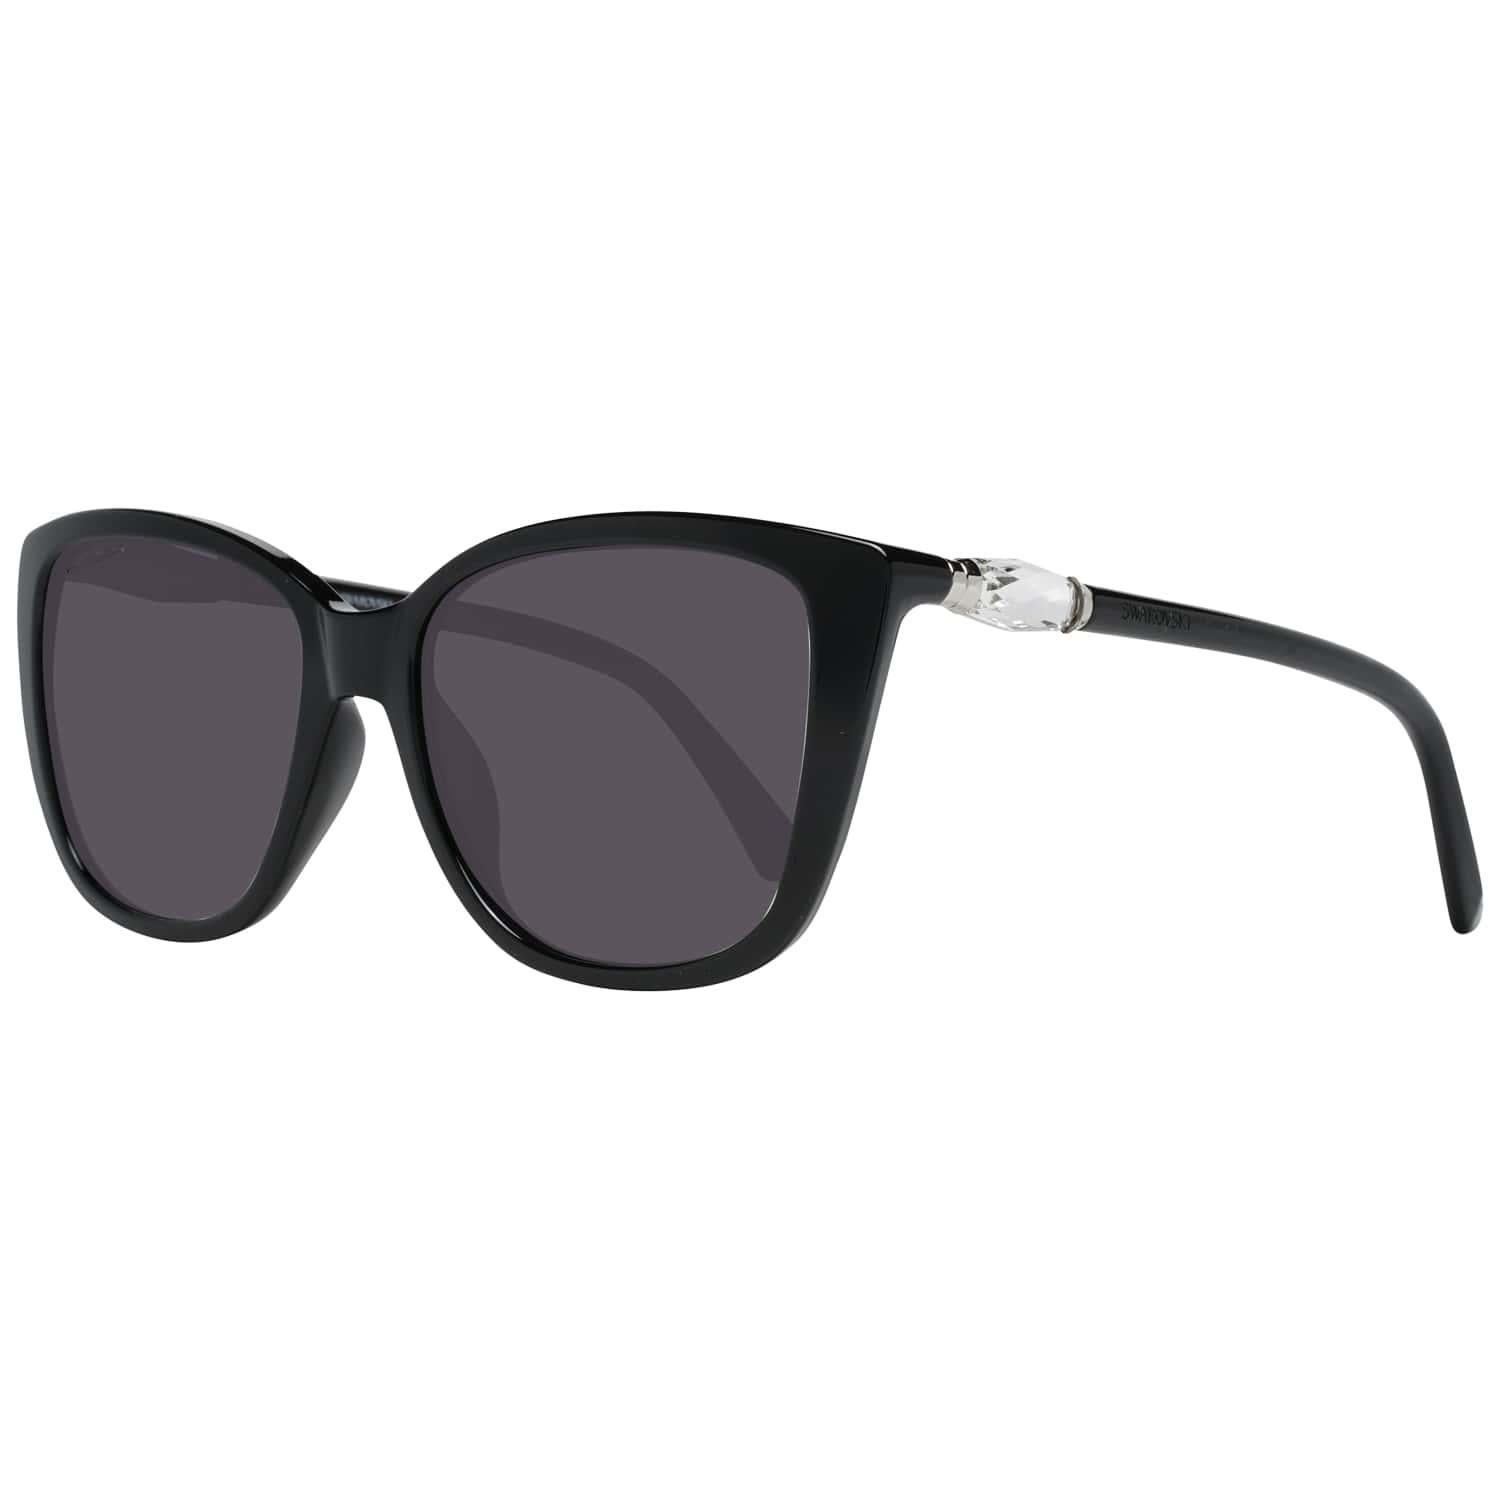 DetailsMATERIAL: AcetateCOLOR: BlackMODEL: SK0234-H 5401BGENDER: WomenCOUNTRY OF MANUFACTURE: ChinaTYPE: SunglassesORIGINAL CASE?: YesSTYLE: ButterflyOCCASION: CasualFEATURES: LightweightLENS COLOR: GreyLENS TECHNOLOGY: GradientYEAR MANUFACTURED:
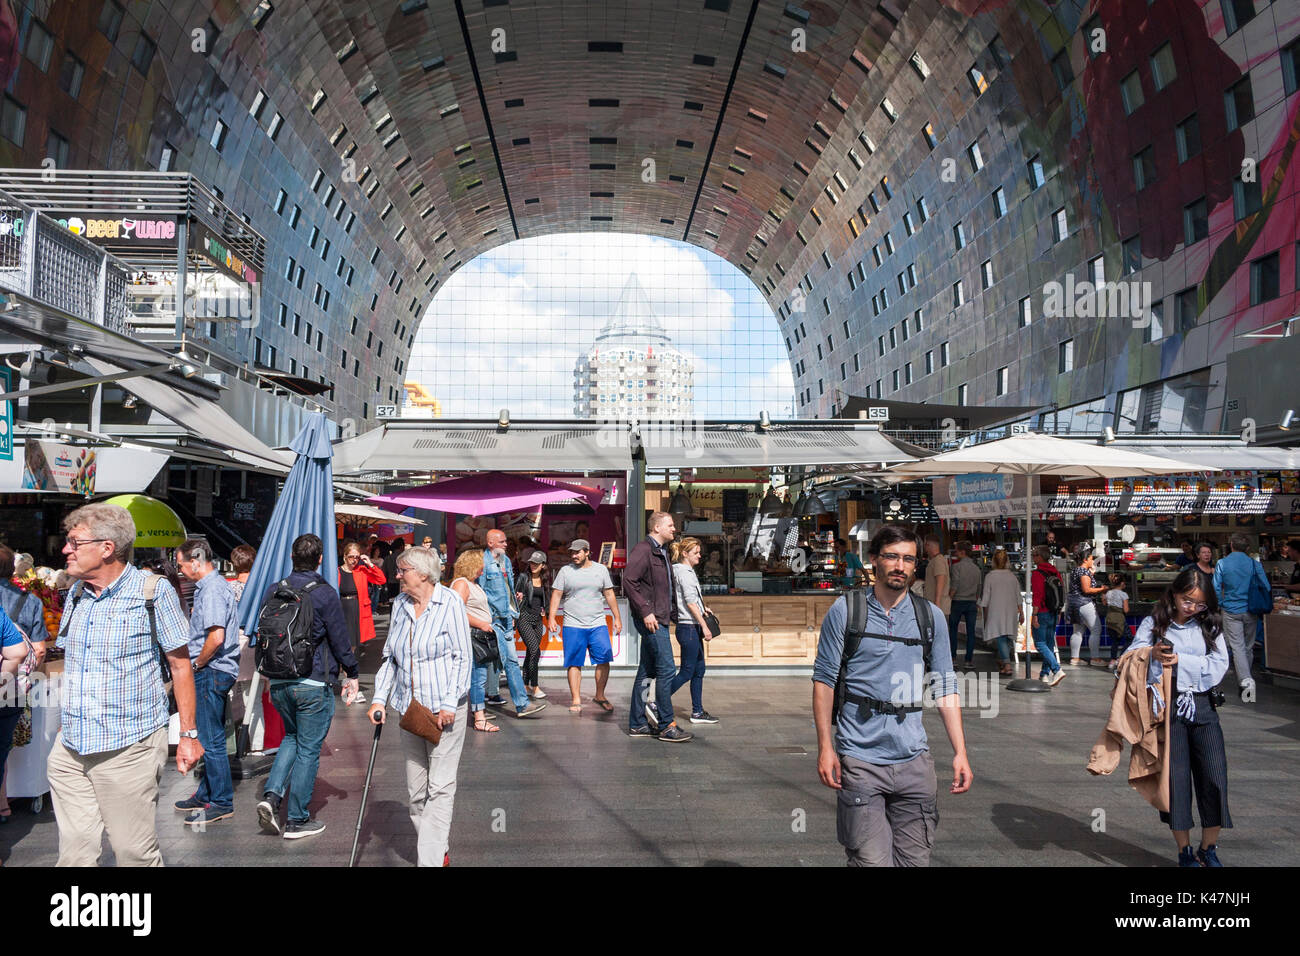 A view of the interior of the food hall at Markthal, Rotterdam, Netherlands Stock Photo
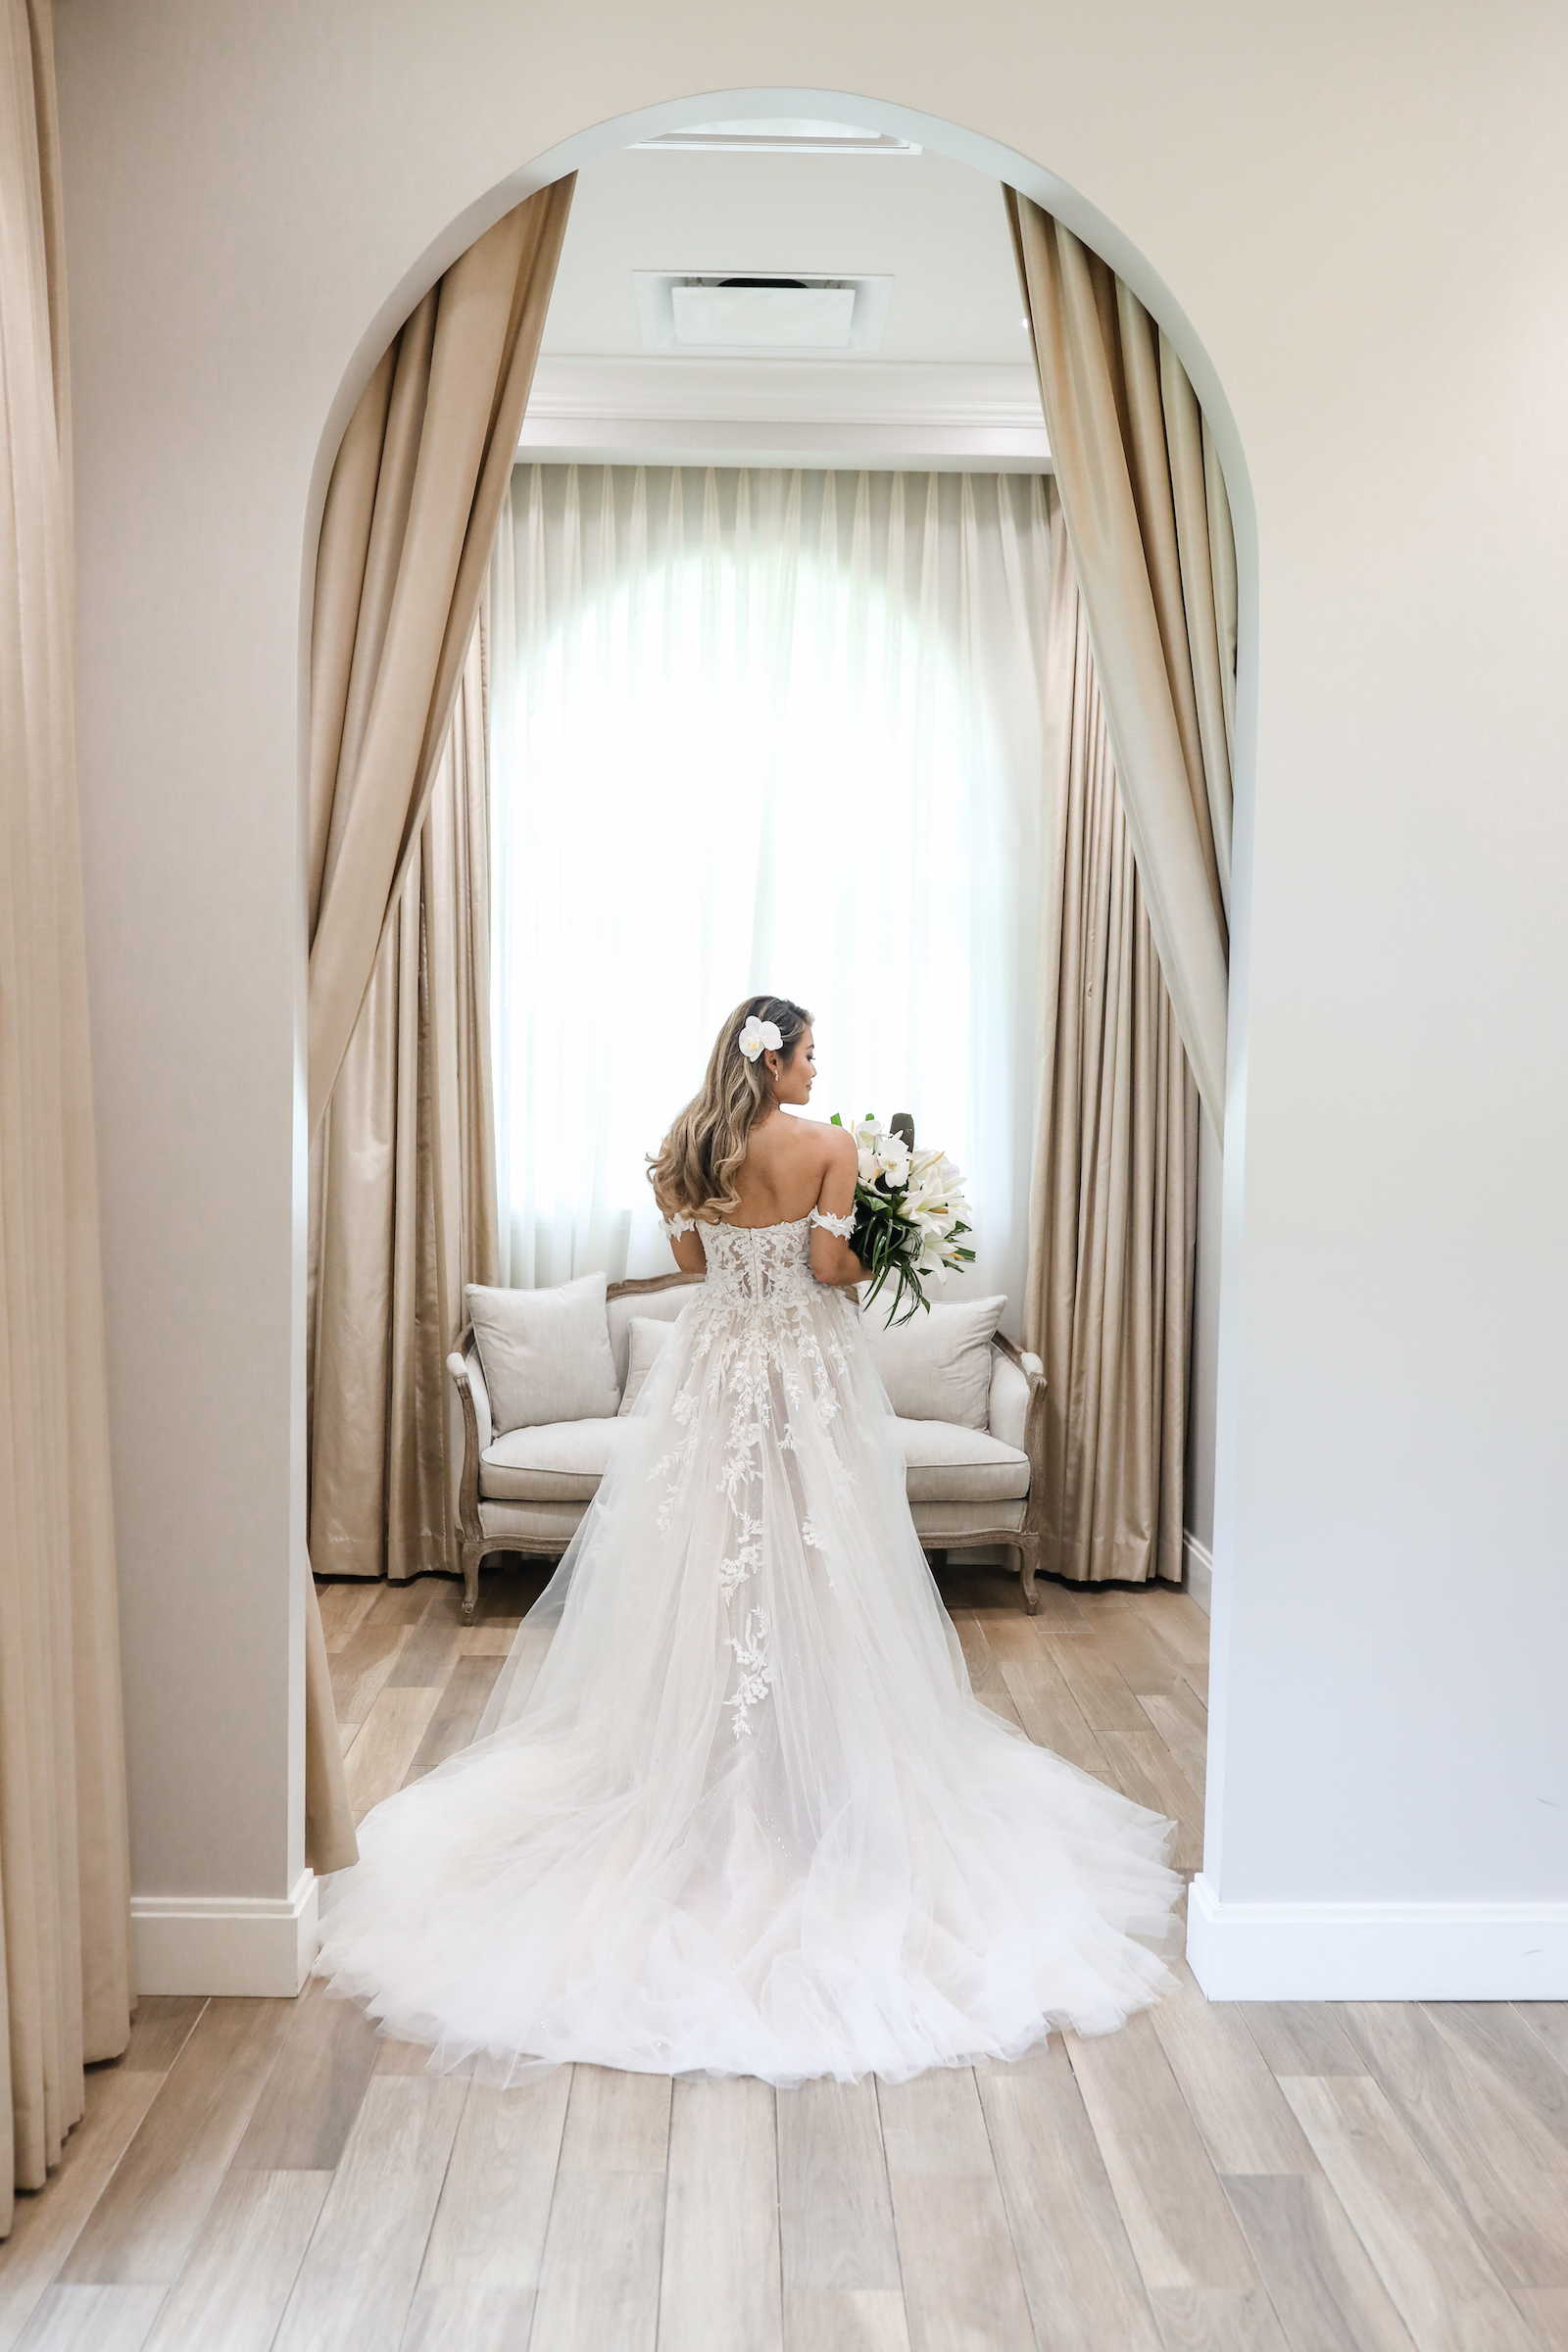 Bridal Portrait of Modern Bride with Headpiece | Tampa Hair and Makeup Savannah Olivia Beauty Boutique | Tampa Photographer Lifelong Photography | Harborside Chapel

What is required |
Transcribe the full listing exactly, but keep every image out of it.

Written response |
 DetailsMATERIAL: AcetateCOLOR: BlackMODEL: SK0234-H 5401BGENDER: WomenCOUNTRY OF MANUFACTURE: ChinaTYPE: SunglassesORIGINAL CASE?: YesSTYLE: ButterflyOCCASION: CasualFEATURES: LightweightLENS COLOR: GreyLENS TECHNOLOGY: GradientYEAR MANUFACTURED:
 A view of the interior of the food hall at Markthal, Rotterdam, Netherlands Stock Photo
 Bridal Portrait of Modern Bride with Headpiece | Tampa Hair and Makeup Savannah Olivia Beauty Boutique | Tampa Photographer Lifelong Photography | Harborside Chapel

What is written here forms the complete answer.